I'm glad that I have helped with something! Pretty early on, when it came to deciding things about what I want on my sandwich or such things, I ended up just nodding and saying yes please, or repeating what he'd said, and not really understanding. Thankfully I'm not very picky (though I've gone through times of absolutely refusing pickles, pepper, mustard, milk, anything green, anything that's not green, and stuffing at Thanksgiving).

Also, I usually need someone to go through everything we have until they say or show me the thing I want. This is usually because it's easier for me to respond to something than to just out of the blue come up with a word and then speak it, and also because I often have the option of pointing, and I also have trouble remembering what's in the house, or visually distinguishing between different things in the fridge or stacked on shelves.

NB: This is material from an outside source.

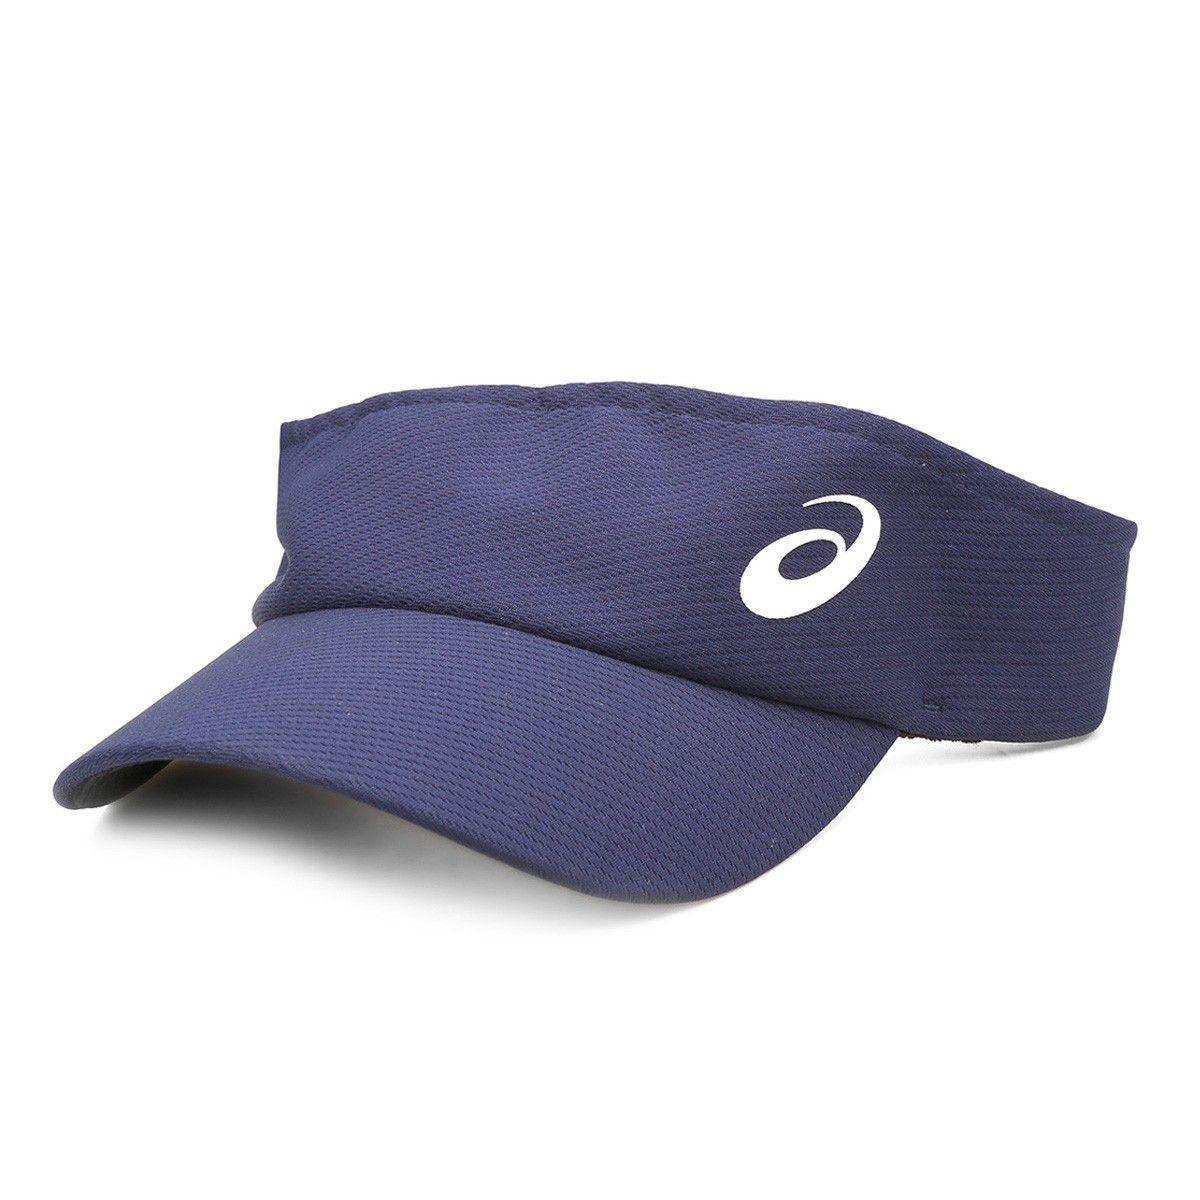 Viseira Asics Azul Marinho

Ever since I was about 5 I decided that when I was older I would make an inventory of everything in the house, with a specific inventory for food, and have it on a clipboard next to the fridge.

Even if he doesn't get formally evaluated, it would probably be a good idea to talk to him about it, some of the characteristics, at least by the teenage years. I've heard about people who are adults who went their whole lives without a diagnosis, because they were able to get through school and stuff, but later on encountered difficulties and didn't understand the context of them because nobody in the diagnosing profession thought autism could apply to someone who went through school and got a job or had a relationship.

While many of us gain more skills with increasingly less difficulty in things like jobs and relationships, a significant proportion experience increased difficulty, which can be due to a lot of things, like a lot of stressful events occurring, or increased demands from others in what they're expected to be able to do, or lots of other reasons. Also, even if it doesn't become disabling, it can help to bolster self-esteem and identity to be able to identify with other autistic people.

Of course, not everyone embraces it like this, and usually not at such a young age (I was diagnosed when 10, and my dad told me I had a different neurological wiring and some of the traits, and I basically accepted it then shrugged it off like it was completely inconsequential, then three years later I swung back and forth from accepting it to thinking I couldn't possibly be autistic, in part due to misconceptions like we lack empathy or don't want friendships or are all geniuses or none of us are. Nowadays, I accept myself as is, and am very glad my parents told me. If you have talked to him about it, or decide to in the future, and he initially doesn't believe it or doesn't seem to care, or is uncomfortable talking about it, that doesn't mean it's a wrong thing to talk about it. I experienced all of those things in the years following being told.)

Casdok said...

Yes excellent comment.

Stereotypes and budget - these are huge hurdles, and difficult ones to get round sometimes.